Cleruchus Enock, 1909
Comments. Detailed taxonomic history of Cleruchus, including synonymy, is given in Triapitsyn (2014a), with Bakkendorfia Mathot subsequently synonymized under Cleruchus by Huber & Triapitsyn (2017).
Diagnosis. Body dorso-ventrally flattened; female funicle 6-segmented and clava entire (Fig. 2); mandible uni- or bidentate; fore wing more or less parallel-sided, usually knife-like (Fig. 3), at least about 8× as long as wide; femora slightly swollen; ovipositor usually short and often arising in apical third of gaster (Noyes & Valentine 1989 and Lin et al. 2007).
Cleruchus belongs to the Cleruchus group of genera, which includes Ceratanaphes Noyes & Valentine, Cleruchoides Lin & Huber, Cleruchus Enock, Cybomymar Noyes & Valentine, Nesomymar Valentine, Paracmotemnus Noyes & Valentine, Prionaphes Hincks, and Pseudocleruchus Donev & Huber (Lin et al. 2007), as well as, at least, Apoxypteron Noyes & Valentine and Platystethynium Ogloblin. It is similar to Cleruchoides Lin & Huber, according to Lin et al. (2007), in having a fore wing disc that is mostly bare, with only one or two rows of microtrichia, but can be differentiated by the fore wing being parallel-sided, knife-like, and at least 8× as long as wide, with the posterior margin having a weak lobe behind the apex of venation (fore wing with anterior and posterior margins diverging, about 6× as long as wide, and posterior margin distinctly lobed behind the apex of venation in Cleruchoides).

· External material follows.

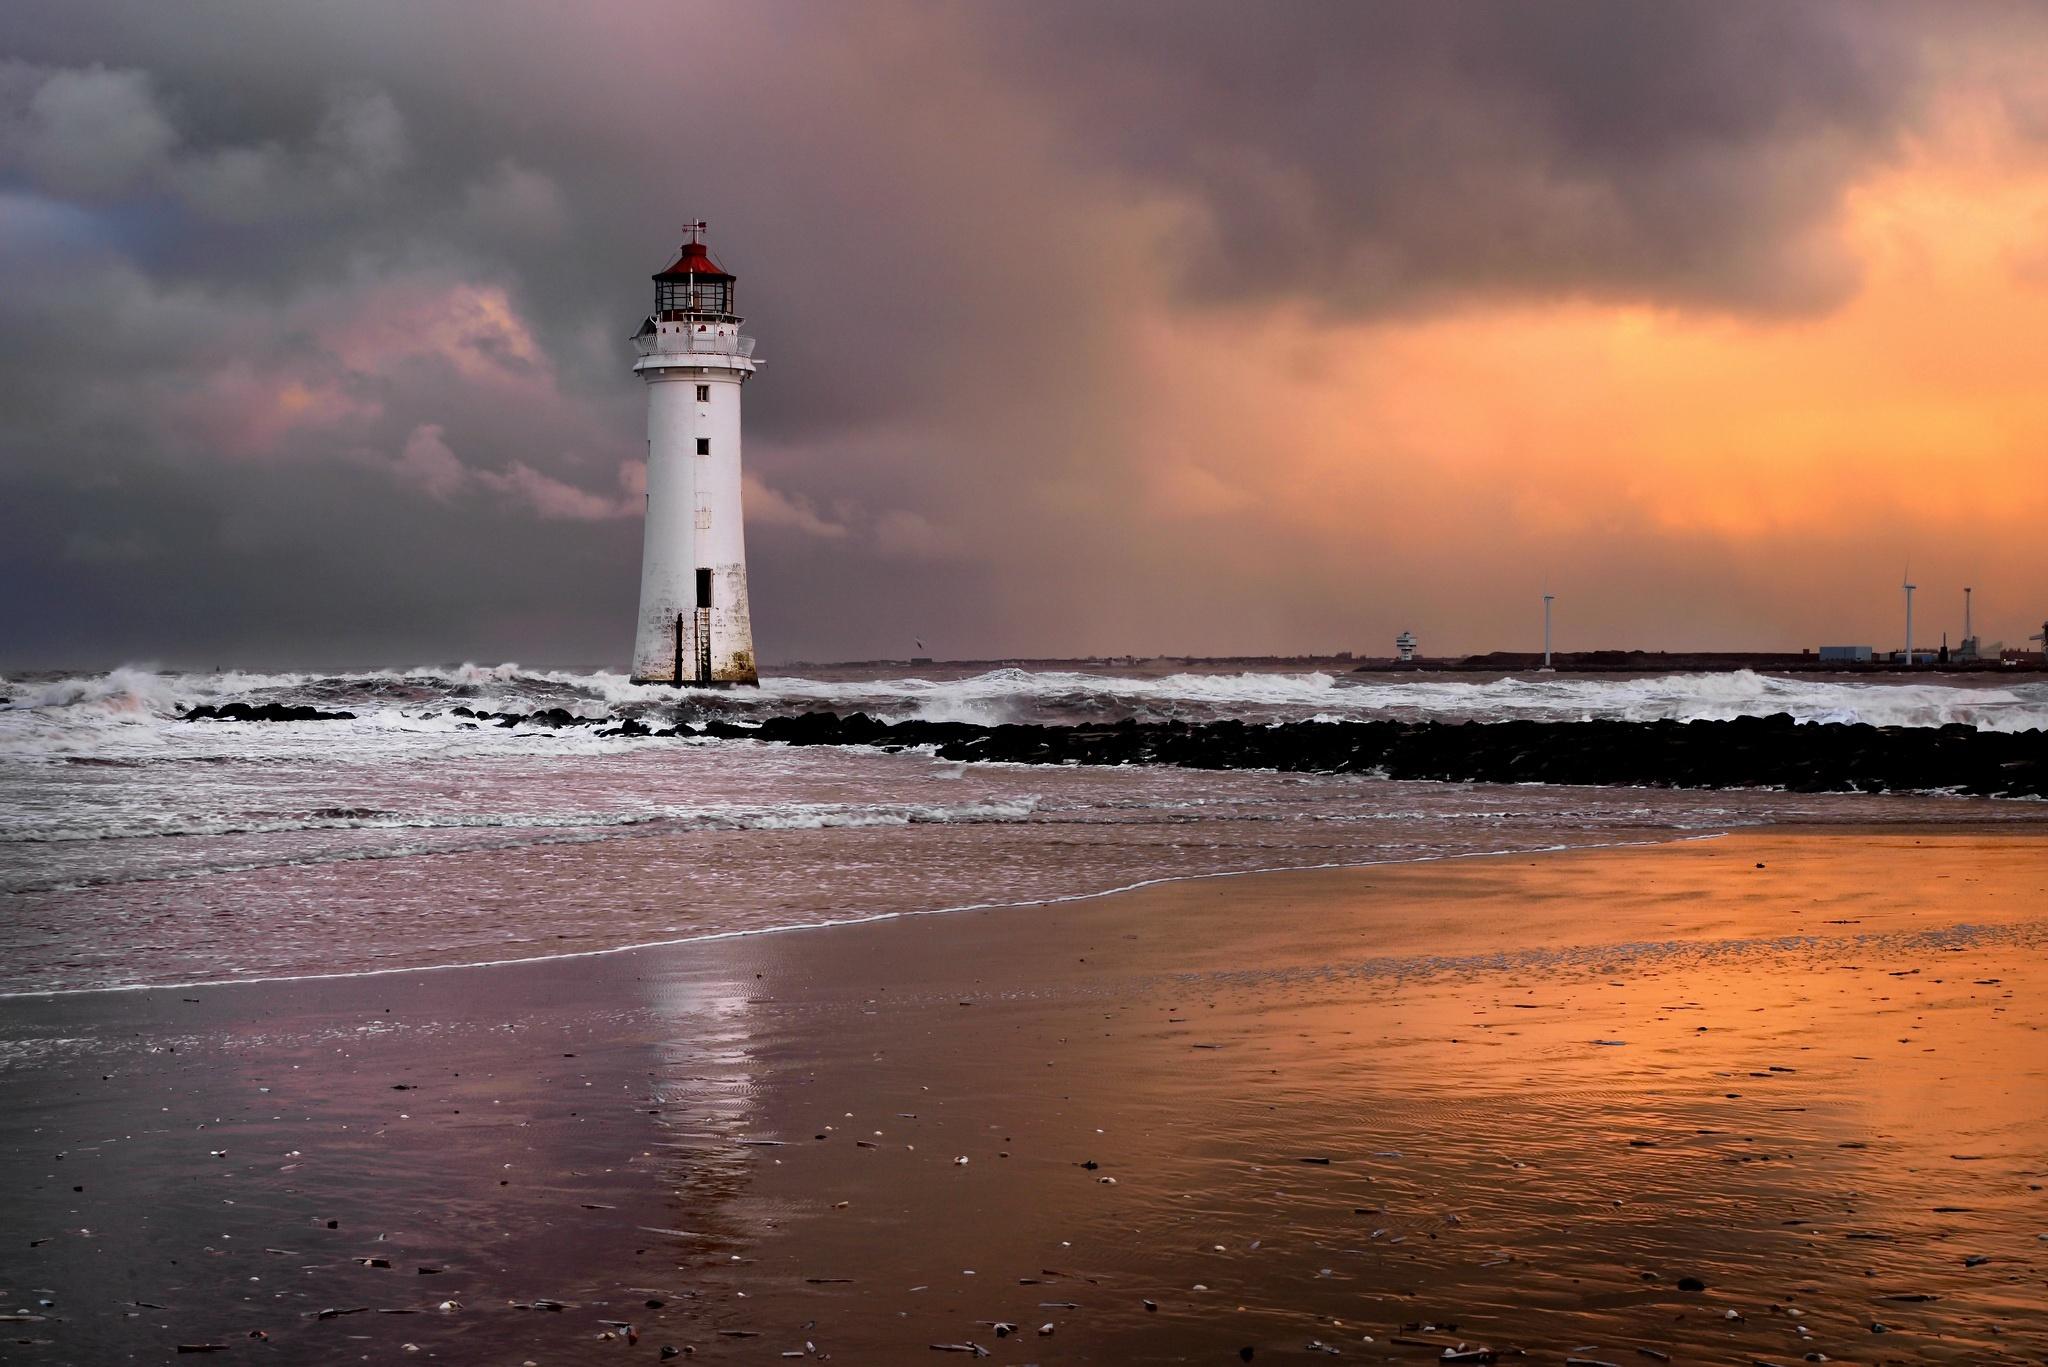 ашмариной маяк на берегу моря фото лист доставка

Cleruchus is also close to Pseudocleruchus from which it can be differentiated based on characters given in Pricop (2011).
Unlike in most other genera of Mymaridae except a few genera like Mymar Curtis, males of Cleruchus are often diagnostically important—e.g., the number of flagellar segments was used by Triapitsyn (2014a) in his key to the Palearctic species of the genus.
Biology. The known hosts for Cleruchus so far are Curculionidae (Schauff 1989; Barnes 2014), Cleridae (Huber 1986), and Ciidae (Triapitsyn 2002) in Coleoptera as well as Acrididae in Orthoptera (Huber 1986) . Cleruchus pieloui (Yoshimoto) was reared from the birch bracket (polypore) fungus, Piptoporus betulinus, in New Brunswick, Canada (Yoshimoto 1971). Cleruchus polypori Triapitsyn & Moraal was reared from the fruiting bodies of the bracket fungus Fomes fomentarius on Fagus sylvatica old trees in the Netherlands; C. puchus Triapitsyn was reared from eggs of undetermined cultured Ciidae beetles associated with a Polyporus sp., and also from the bracket fungus Trametes versicolor in California, USA (Triapitsyn & Moraal 2008).